Dataset items:
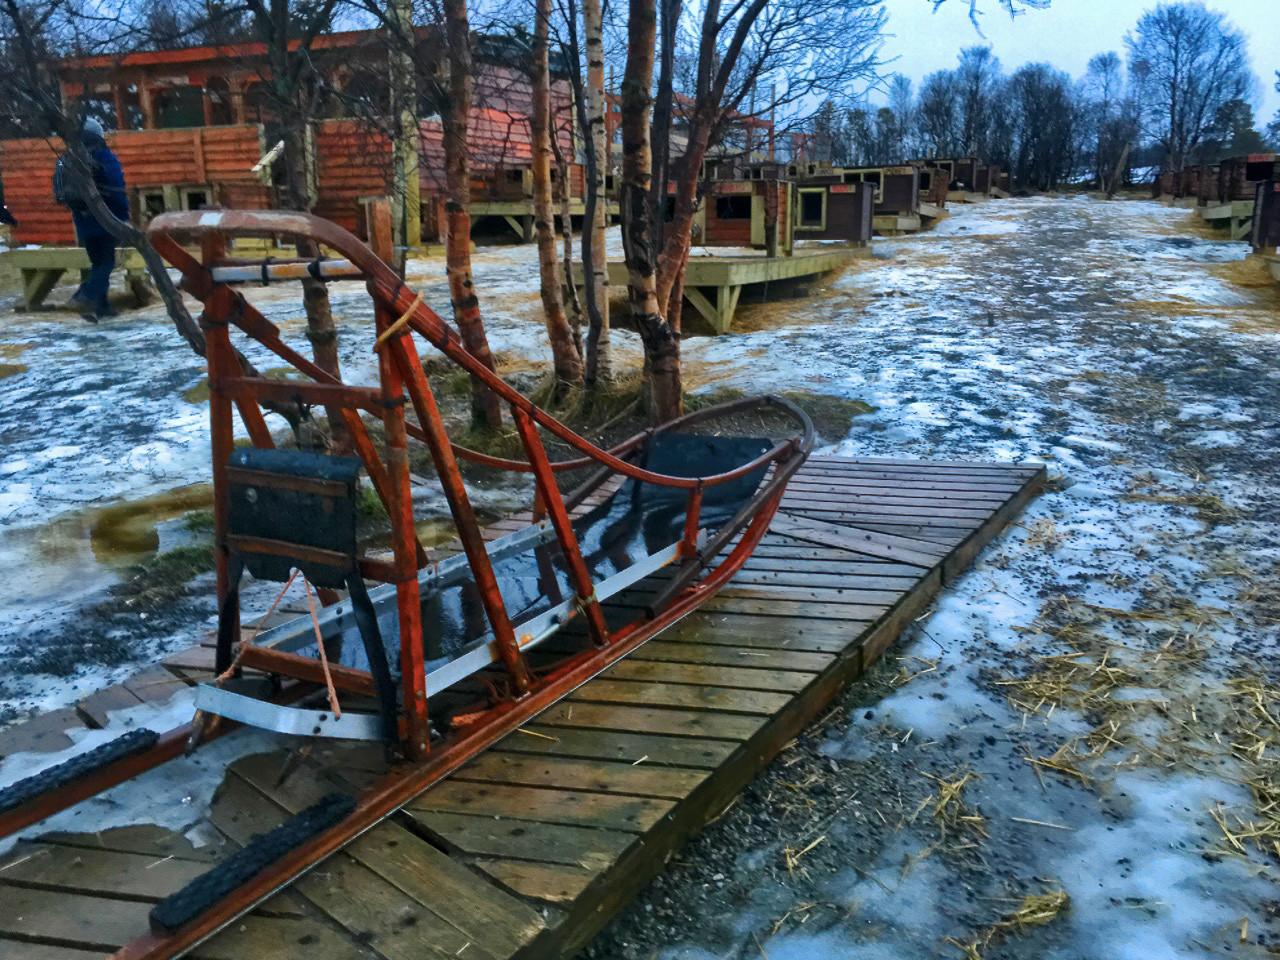 Tromso - Wilderness Center
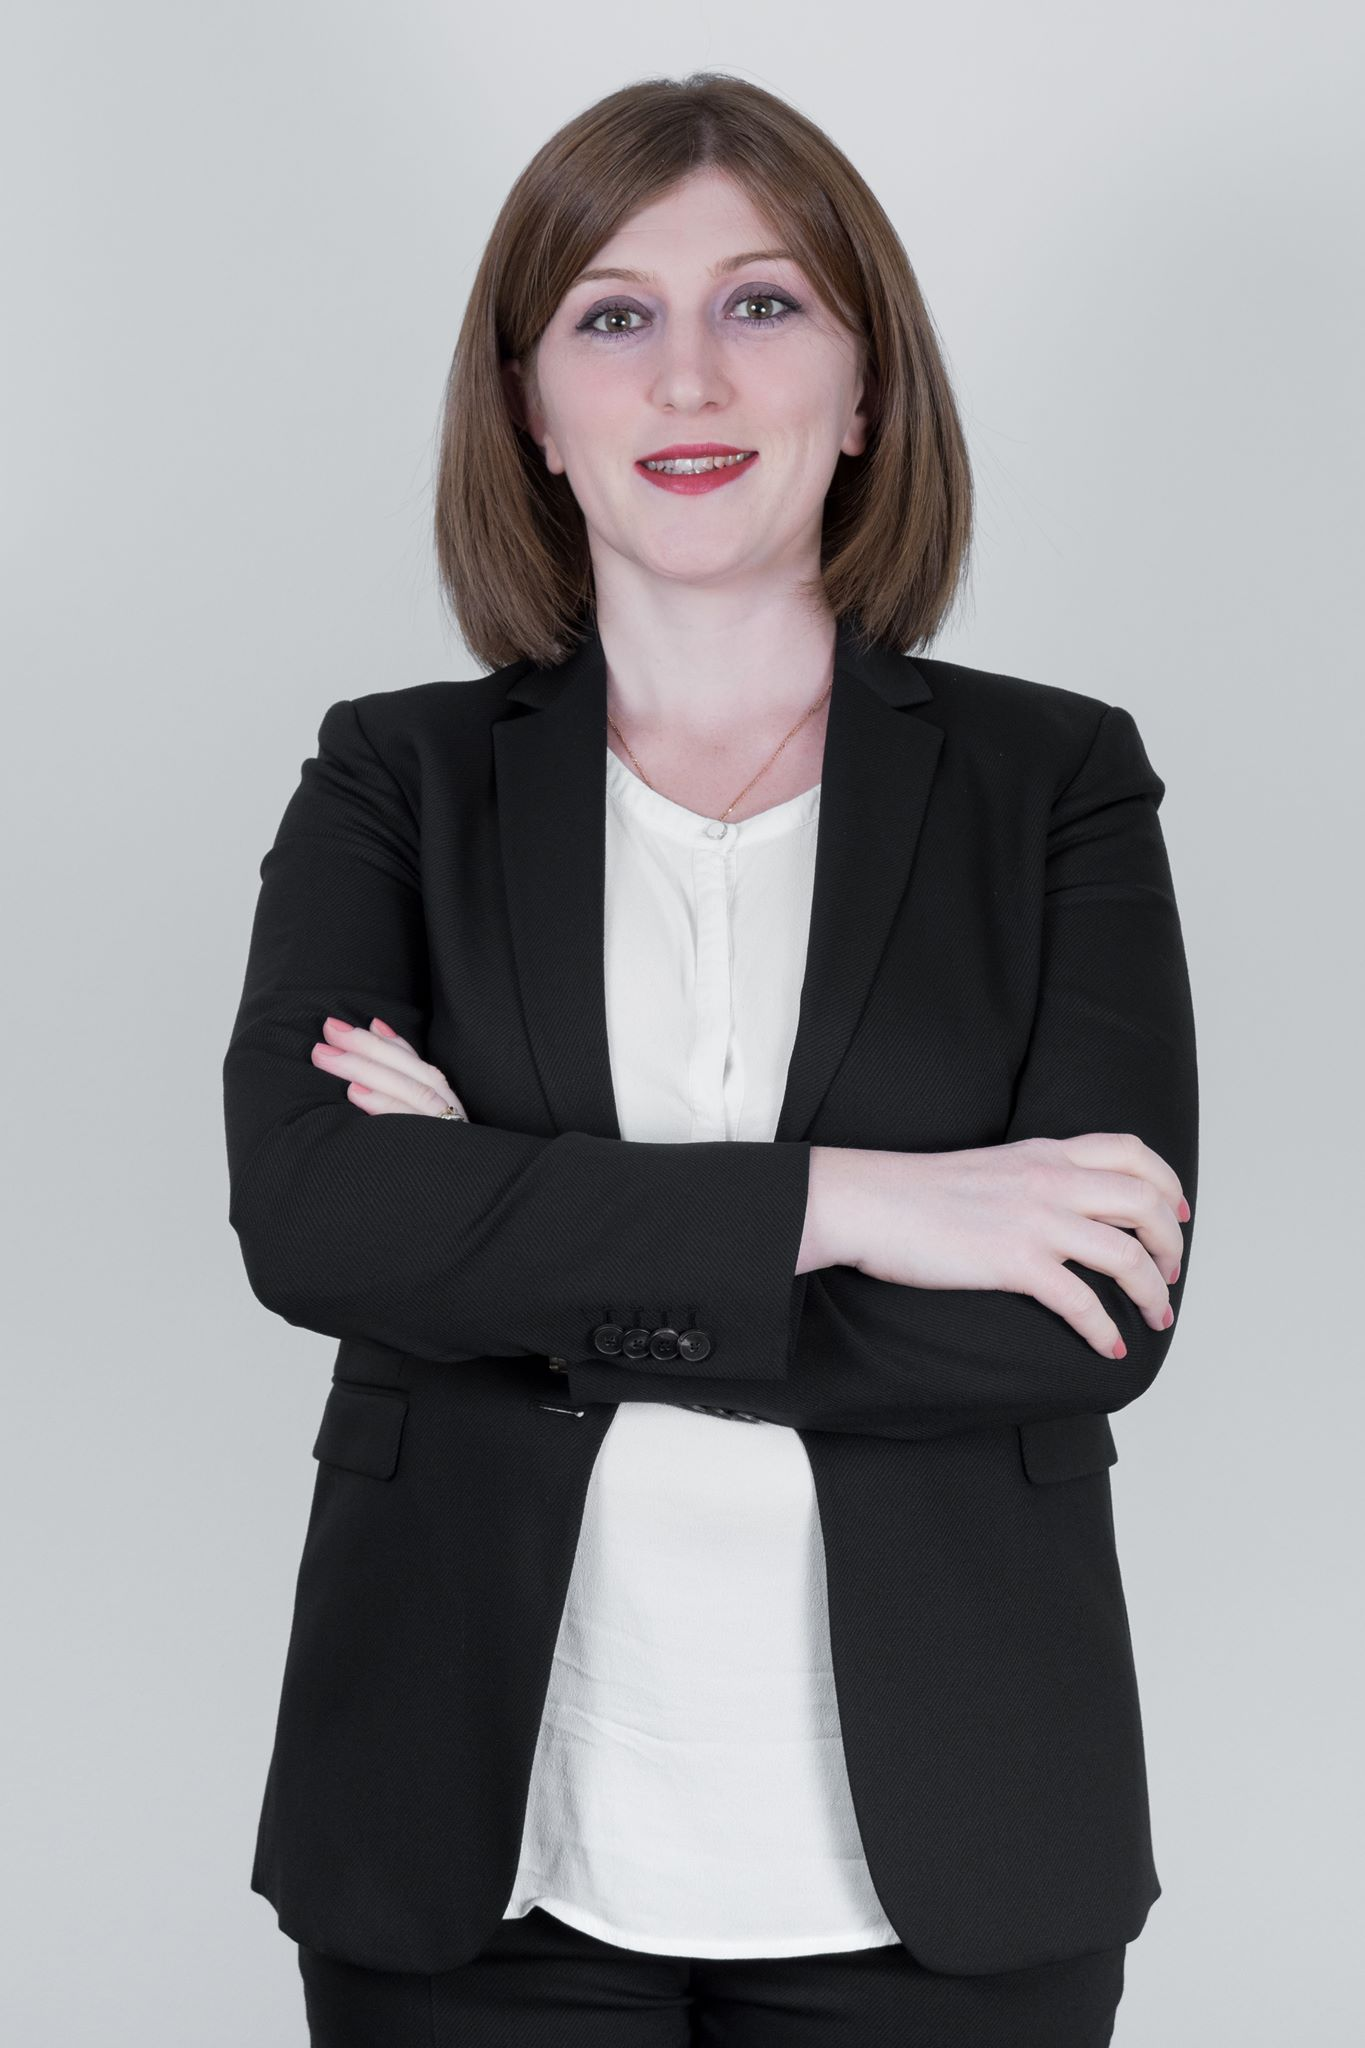 Sophie Ukebla
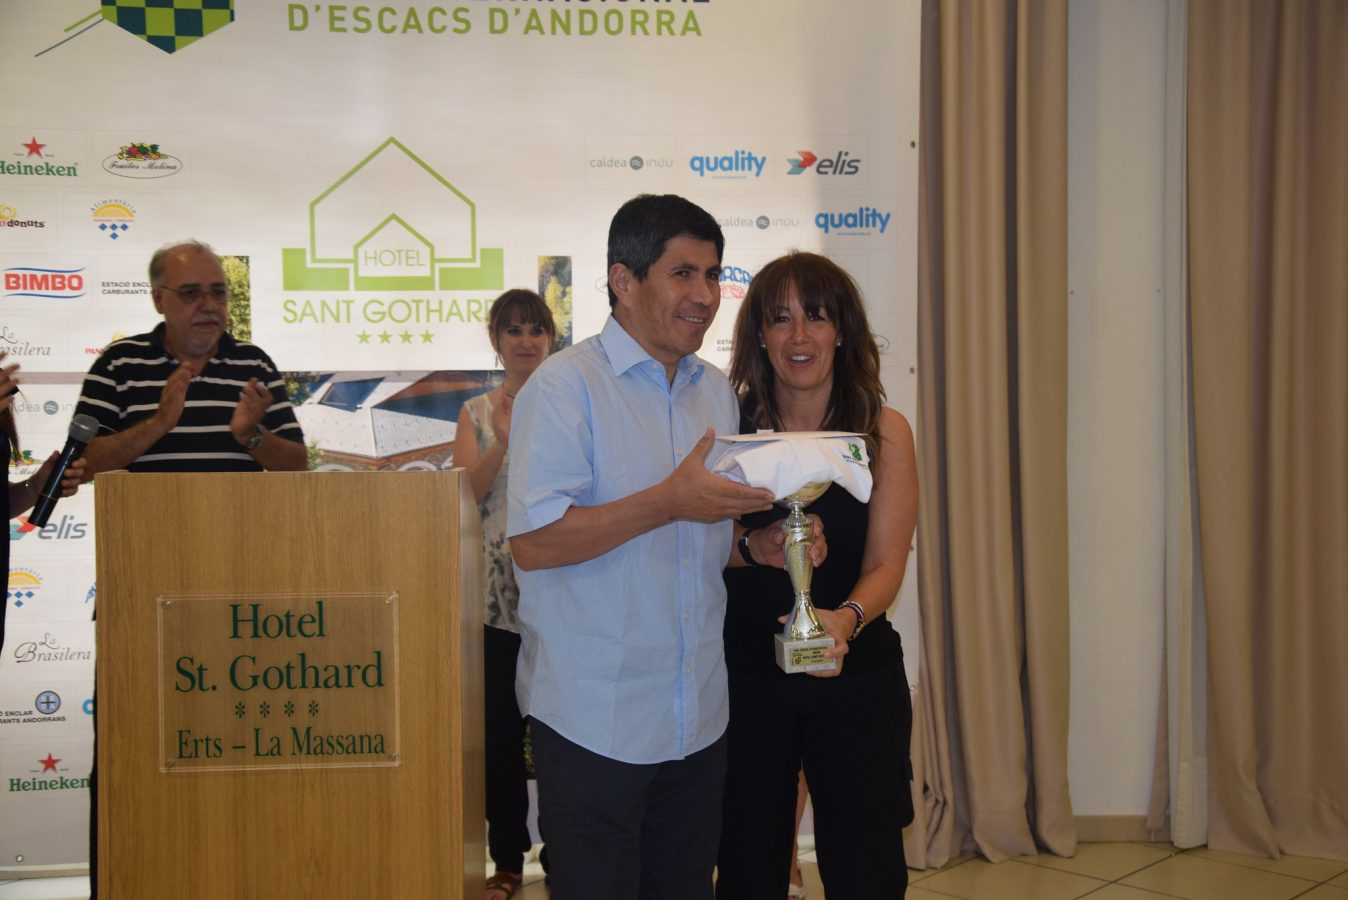 33 Open Andorra Hotel St. Gothard – R9
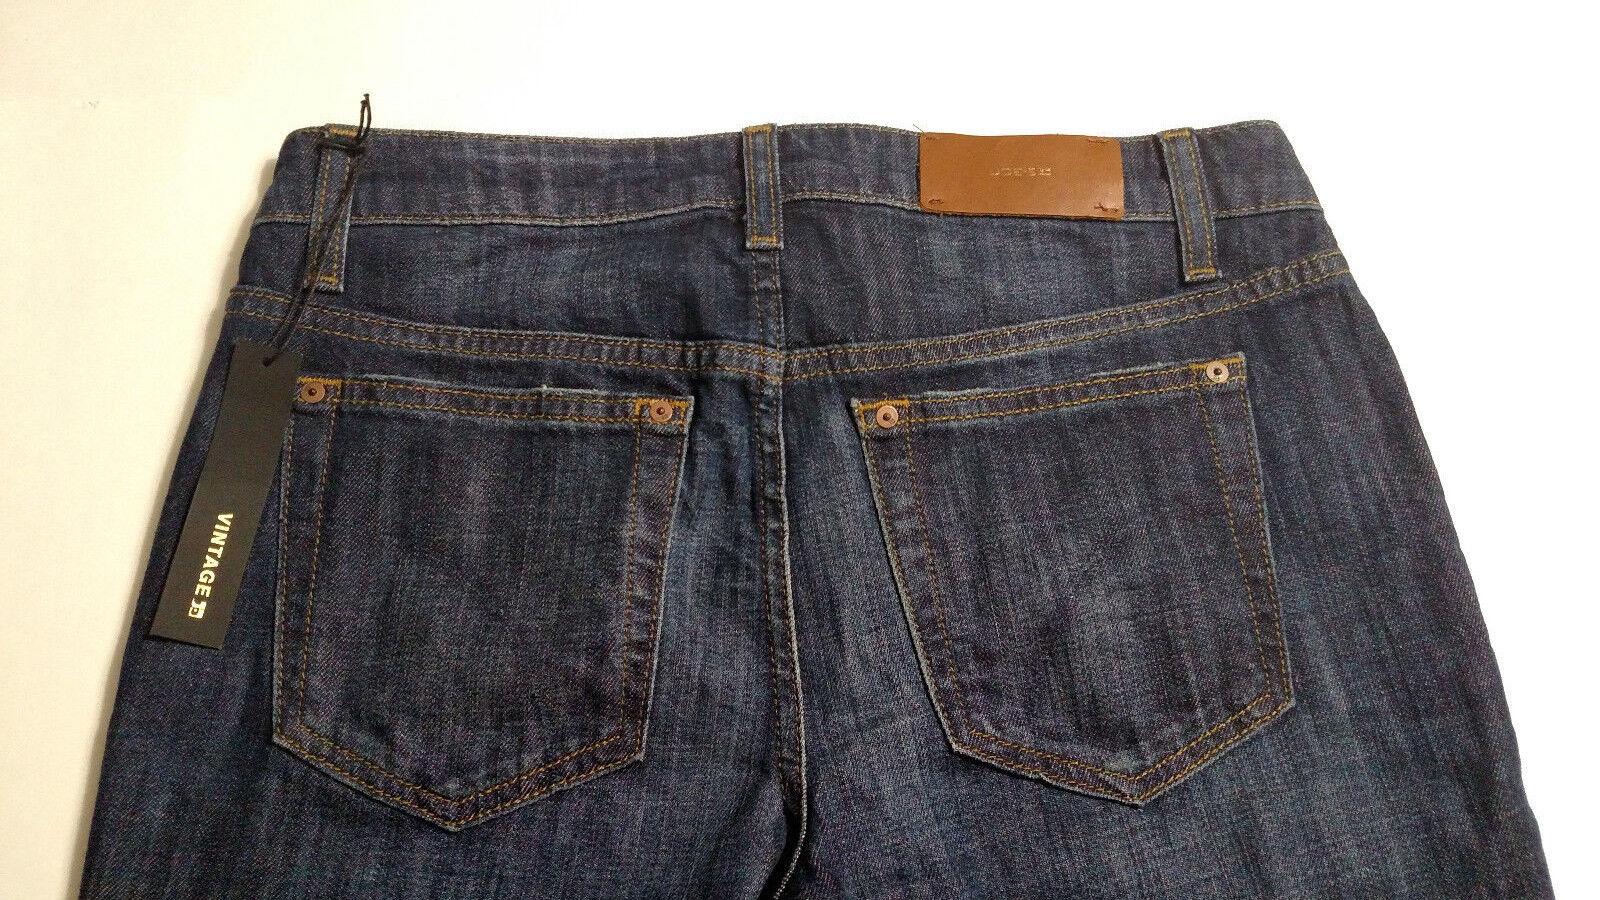 NWT Joe's Jeans High Waist The Flare Visionaire Denim Jeans Sz 28 Vintage Flare
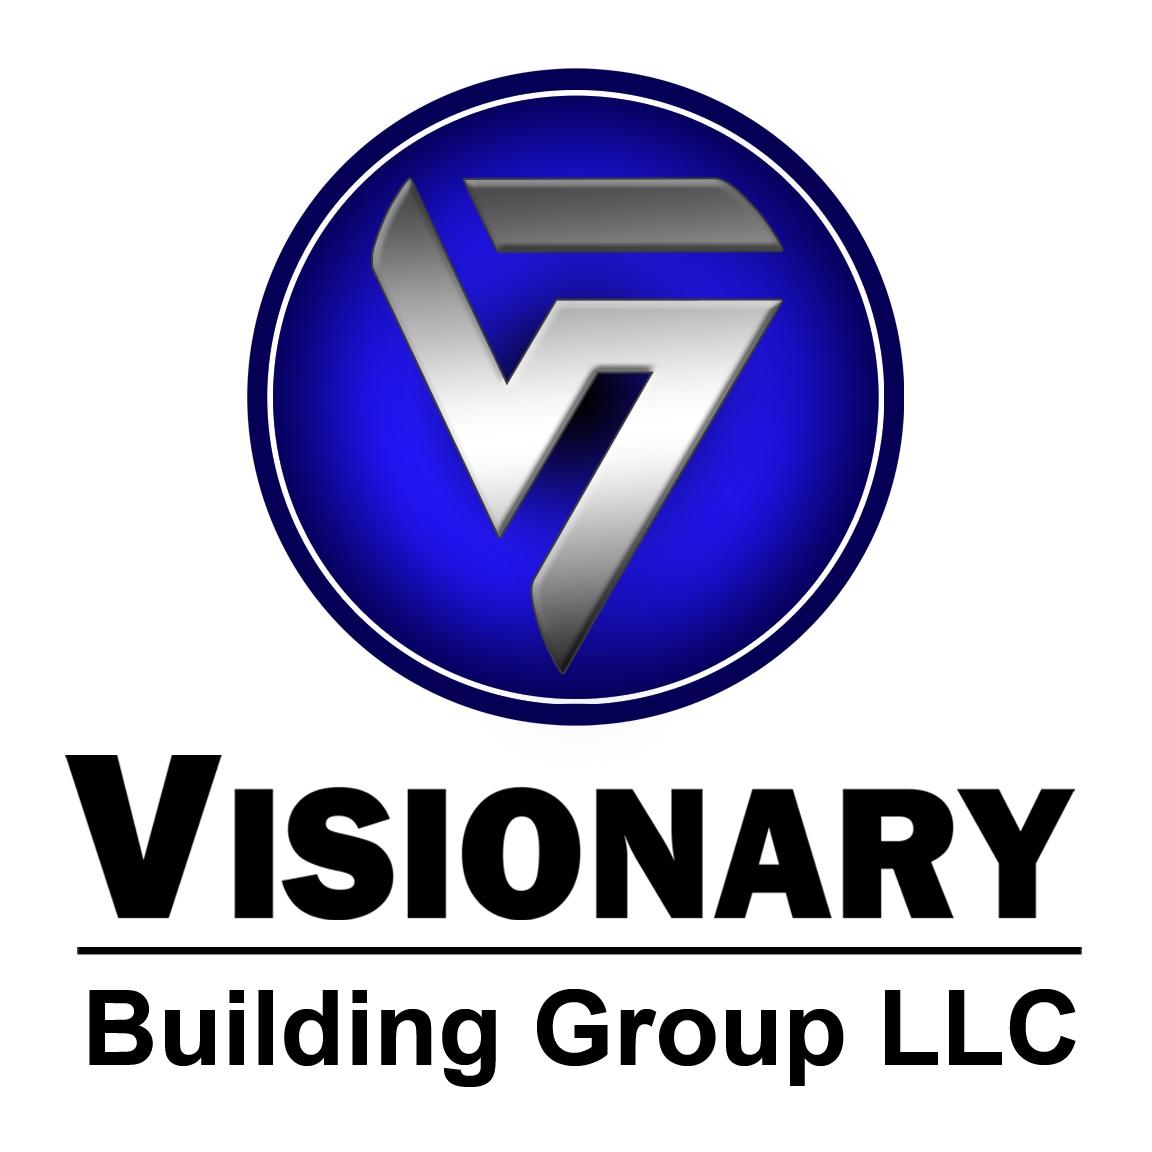 Visionary Building Group LLC logo

WHAT YOU WILL DO: Retype every entry word for word, but do not carry over the pictures.

OUTPUT:
 Tromso - Wilderness Center
 Sophie Ukebla
 33 Open Andorra Hotel St. Gothard – R9
 NWT Joe's Jeans High Waist The Flare Visionaire Denim Jeans Sz 28 Vintage Flare
 Visionary Building Group LLC logo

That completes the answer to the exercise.